Currently when a distributed task is done using the Kudu client, the driver/coordinator client needs to open the table to request its current metadata and locations. Then it can distribute the work to tasks/executors on remote nodes. In the case of reading data, often ScanTokens are used to distribute the work, and in the case of writing data perhaps just the table name is required.
The problem is that each parallel task then also needs to open the table to request the metadata for the table. Using Spark as an example, this happens when deserializing the scan tokens in KuduRDD (here) or when writing rows using the KuduContext (here). This results in a large burst of metadata requests to the leader Kudu master all at once. Given the Kudu master is only a single server and requests can't be served from the follower masters, this effectively limits the amount of parallel tasks that can run in a large Kudu deployment. Even if the follower masters could service the requests, that still limits scalability in very large clusters given most deployments would only have 3-5 masters.

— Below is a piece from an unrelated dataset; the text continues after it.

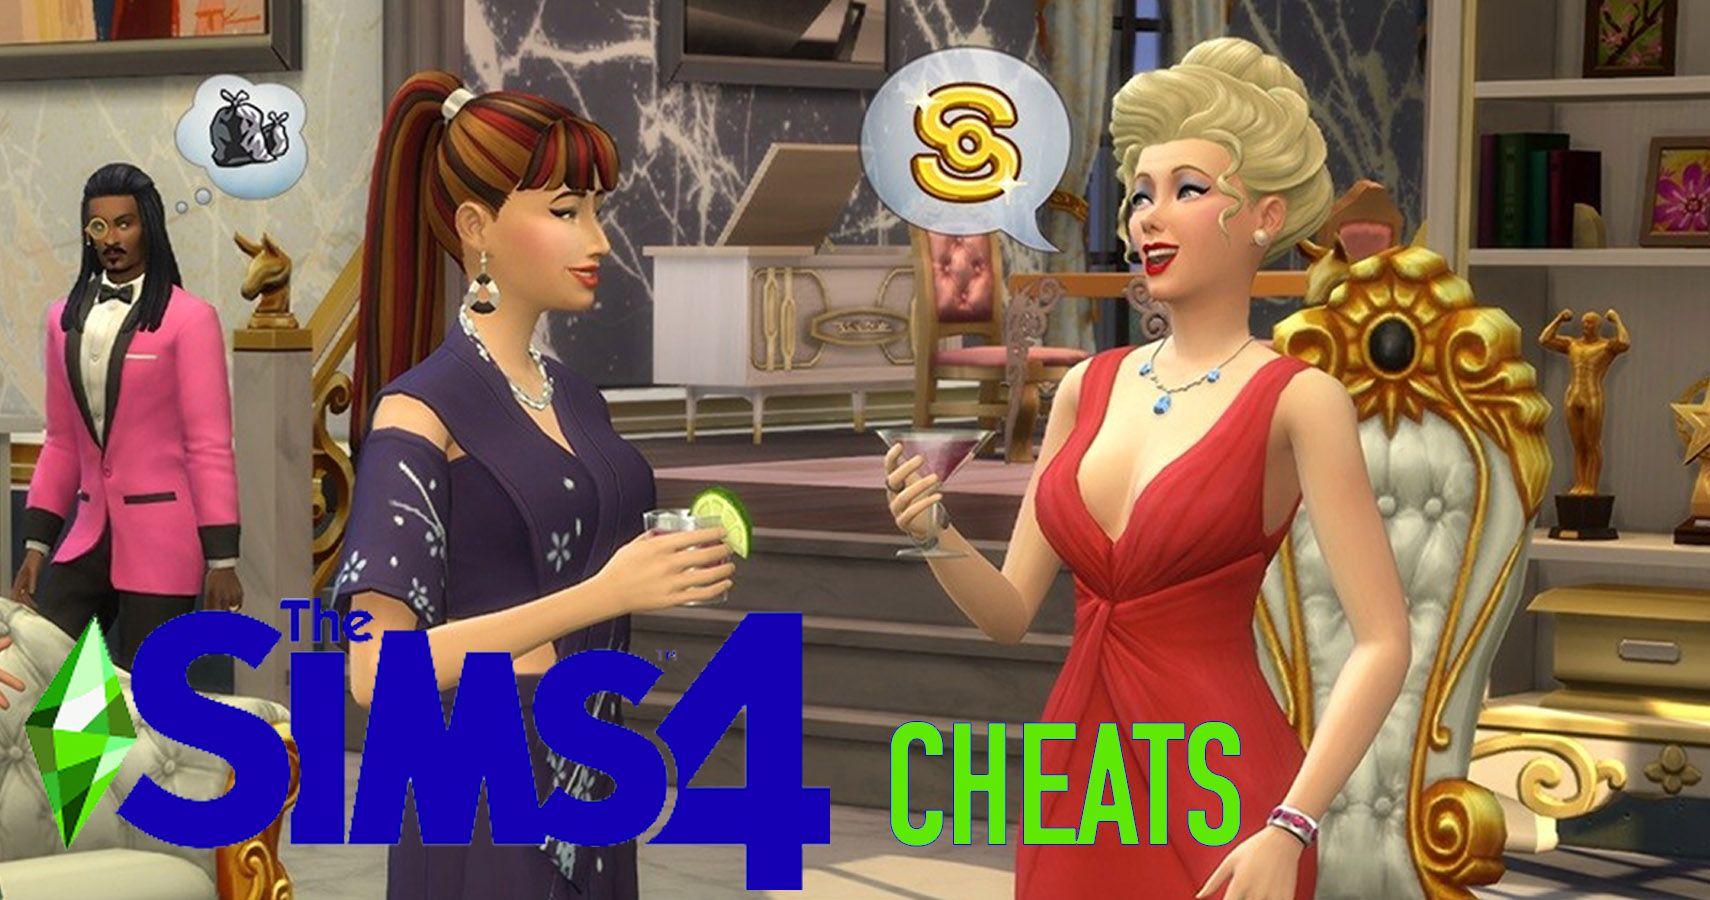 game cheats for the sims

Adding a metadata token, similar to a scan token, would be a useful way to allow the single driver to fetch all the metadata required for the parallel tasks. The tokens can be serialized and then passed to each task in a similar fashion to scan tokens.
Of course in a pessimistic case, something may change between generation of the token and the start of the task. In that case a request would need to be sent to get the updated metadata. However, that scenario should be rare and likely would not result in all of the requests happening at the same time.